Зачем собаке жить на свете без людей,
любовь и преданность без них — зачем собаке?
Едва держась средь острых щепок и гвоздей,
зачем ей плыть совсем одной в кромешном мраке?
Молчи, мой друг, зачем скулить и лаять зря.
Молчит. Дрожит.
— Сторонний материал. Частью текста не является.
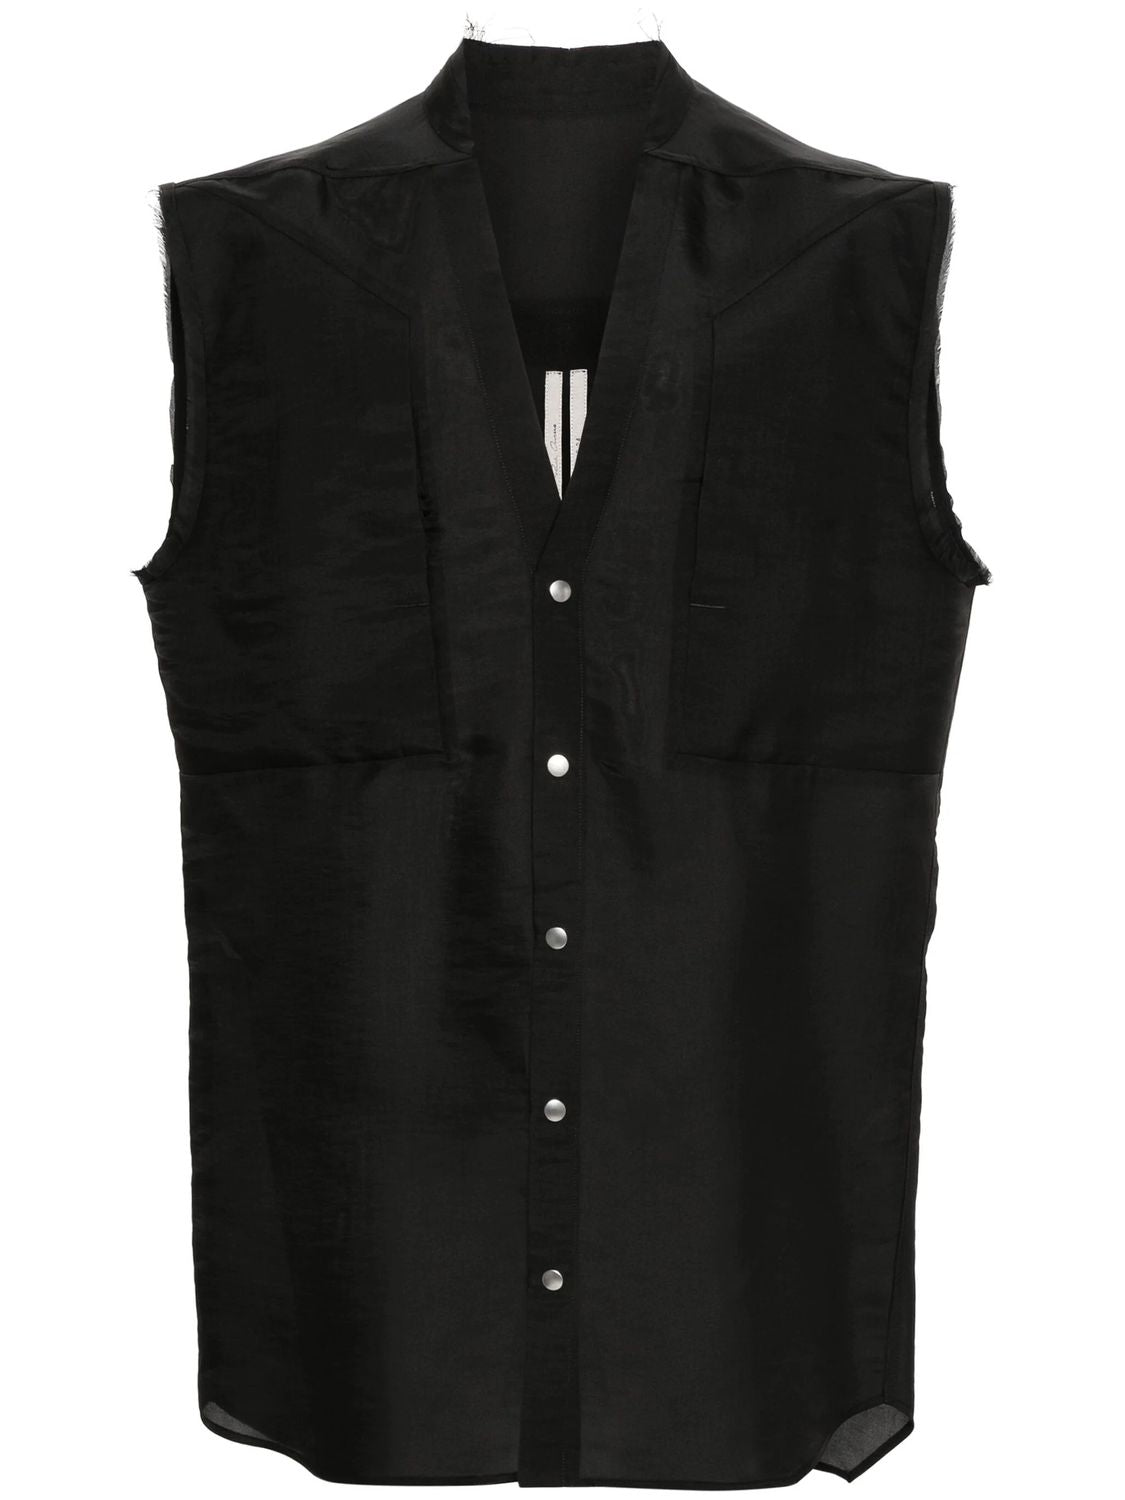 RICK OWENS Men's Black Raw Silk V-neck Vest with Strap Detailing and Press-Stud Fastening

Спасения не просит.
Ее уносит в черные моря,
ее волна, ее война несет-уносит.
Ты в полночь вскинешься в безумье и тоске,
и задохнешься в жалости и в горе —
во тьме плывет собака на доске —
там, в Черном, в Красном, в Белом, в Желтом море…
ххх
На войне не бывает побед,
все сраженья ее — пораженья,
истребление, уничтоженье,
исчезающий стынущий свет.
И обугленный ужас ветвей
для весенней листвы непригоден,
меньше правды под ним, меньше родин,
меньше жизней — чужой и твоей.
Даже выжив средь этой войны,
уцелев среди крови и дыма,
никому не придти невредимым —
ни с одной, ни с другой стороны.
И земля, откликаясь теплу,
что ни год по весне хорошея,
будет помнить, что это траншея,
тихо прятать осколки во мглу.
Сохранив этот стыд прозапас,
завещав его детям и внукам,
каждой клеточкой, веточкой, звуком,
мир мудрей и задумчивей нас.
ххх
А музыки — хоть залейся —
во всю высоту небес.
И там , за рекою, флейта,
и только за флейтой — лес.
За лесом, за желтополосьем,
струящимся на юру,
органные трубы сосен
звучат на любом ветру.
Шуршат облака за лесом,
снижаясь в живые дни,
и музыки — хоть залейся,
хоть сдохни, хоть утони…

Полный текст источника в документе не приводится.